- _Material for this exercise_:
--- START ---

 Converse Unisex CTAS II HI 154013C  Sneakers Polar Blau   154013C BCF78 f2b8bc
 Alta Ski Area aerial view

--- END ---
--- START ---

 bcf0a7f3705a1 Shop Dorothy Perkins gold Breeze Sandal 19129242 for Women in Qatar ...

--- END ---

- _Work request_:
Begin with the line that has "Converse Unisex CTAS" in the listing above and end after the line that has "Alta Ski Area aerial view"; output those lines exactly.

- _Completed task_:
 Converse Unisex CTAS II HI 154013C  Sneakers Polar Blau   154013C BCF78 f2b8bc
 Alta Ski Area aerial view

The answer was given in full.